Lower production costs have been a major benefit as nations and companies embrace renewables in the race to meet climate goals. Battery storage paired with solar PV is starting to become more economic to deploy than building a natural gas-fired peaking plant to keep power grids stable and provide reserves, Bilicic said.
But 2022 could be a different story.
“We have supply chain issues on top of public policy uncertainty, and it’s just causing more uncertainty,” Bilicic said. “The energy transition needs to have the foundational basis for investment, which in the United States is impacted by the public policy environment.”
On top of that, storage developers are also increasingly competing with the rapidly growing market for electric vehicles for lithium-ion batteries, according to Lazard.
Considering production costs, among the most attractive places to co-locate solar with storage technology is in the Midwest and the Southwest, according to Lazard. These projects account for 35% of the new generation that developers are looking to install on the Texas grid.
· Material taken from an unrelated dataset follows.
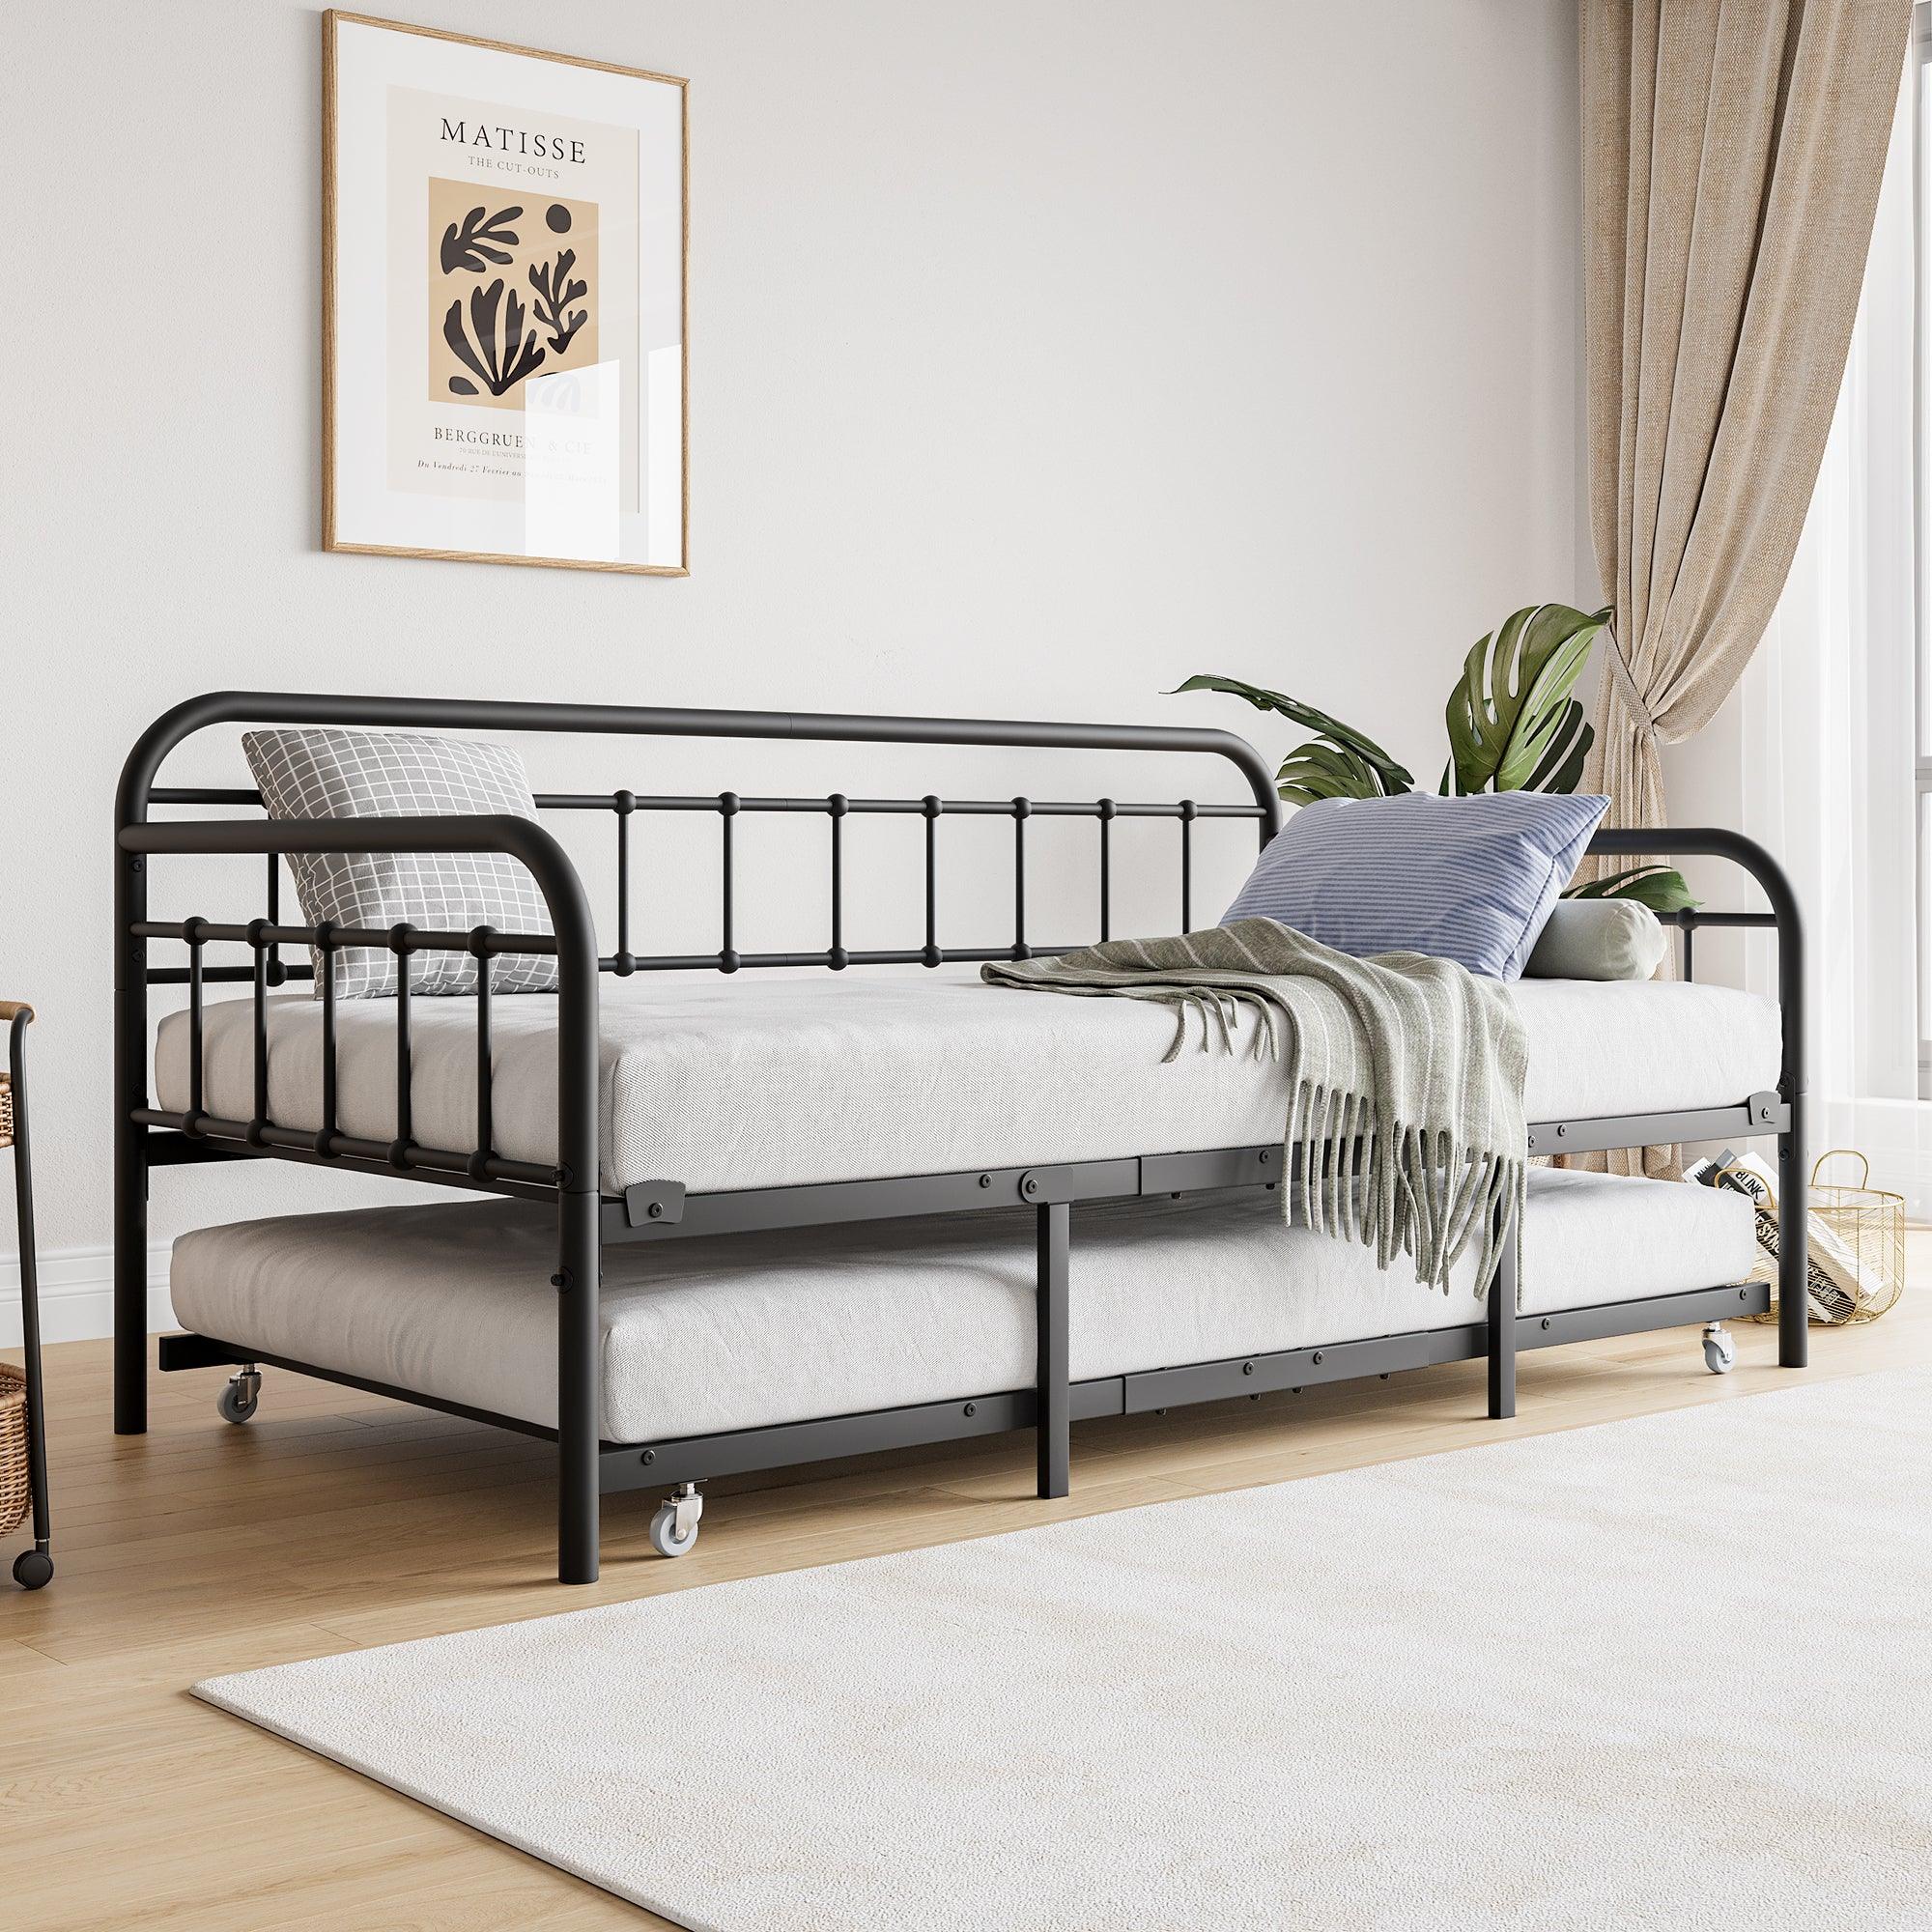 🆓🚛 Twin Size Metal Daybed Frame With Trundle, Heavy Duty Steel Slat Support Sofa Bed Platform With Headboard, No Box Spring Needed, Black
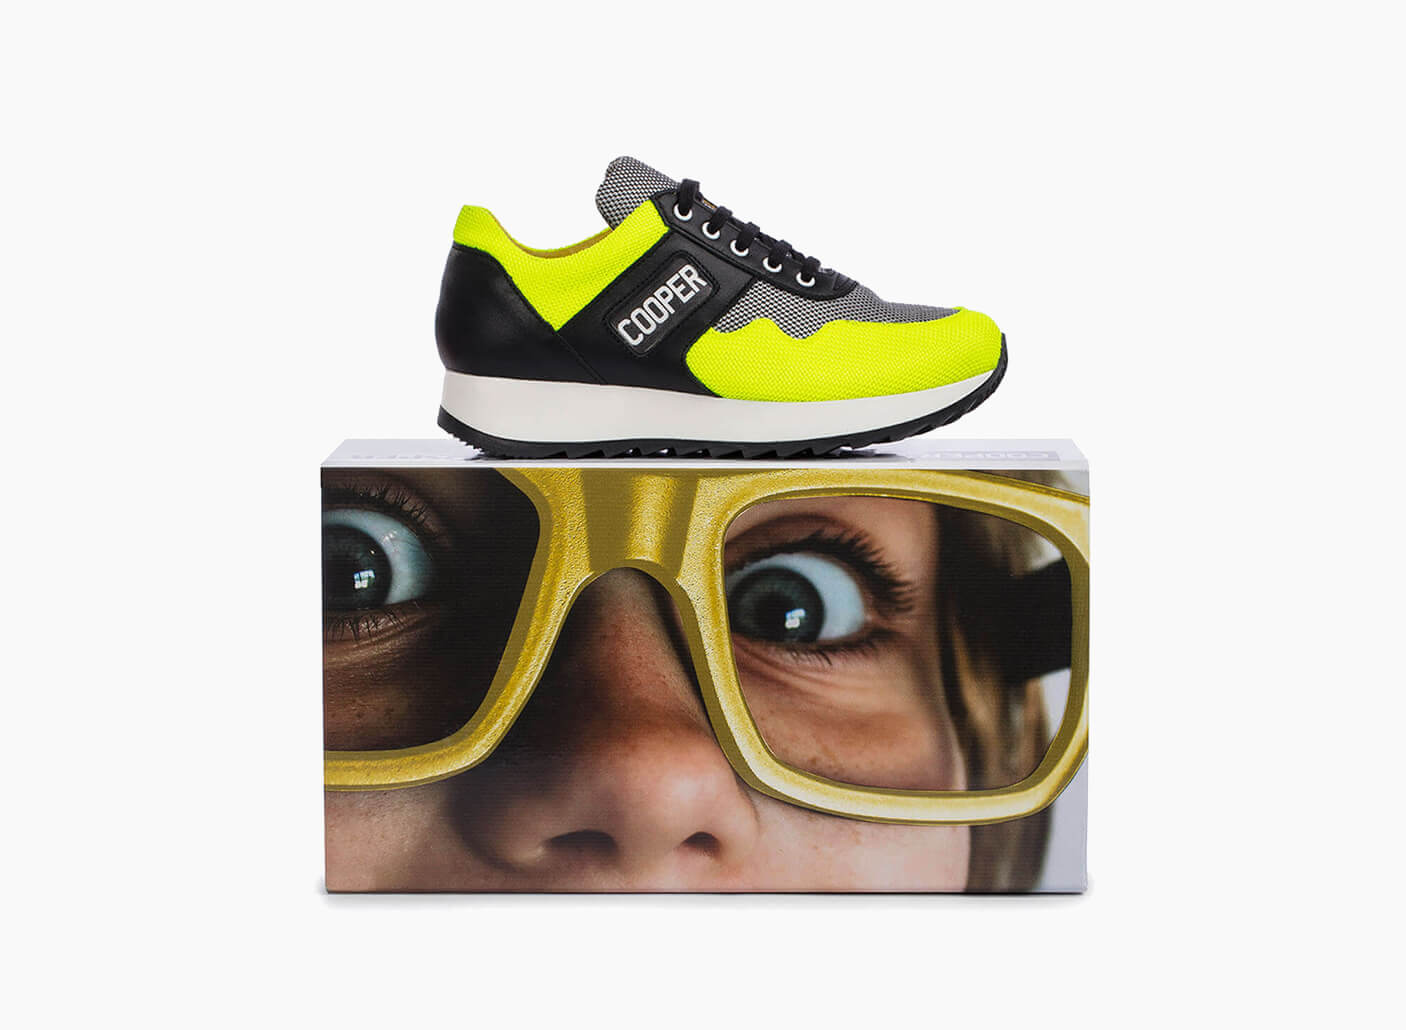 TOPKIDS customized made in Italy sneakers by James Barry

When it comes to hydrogen, Lazard expects projects relying on cheap wind and solar to beat out so-called blue hydrogen that burns natural gas to split water. Right now, the levelized cost of the cheapest hydrogen projects is the equivalent of paying about $28.10 per million British thermal units for gas. Benchmark U.S. gas futures were recently trading at $6.
But there is a clear roadmap that shows how the cost of electrolyzers, which account for at least a third of project capital costs, may slide just as solar has over the past decade.
“We show continued cost decline for renewable energy,” Bilicic said.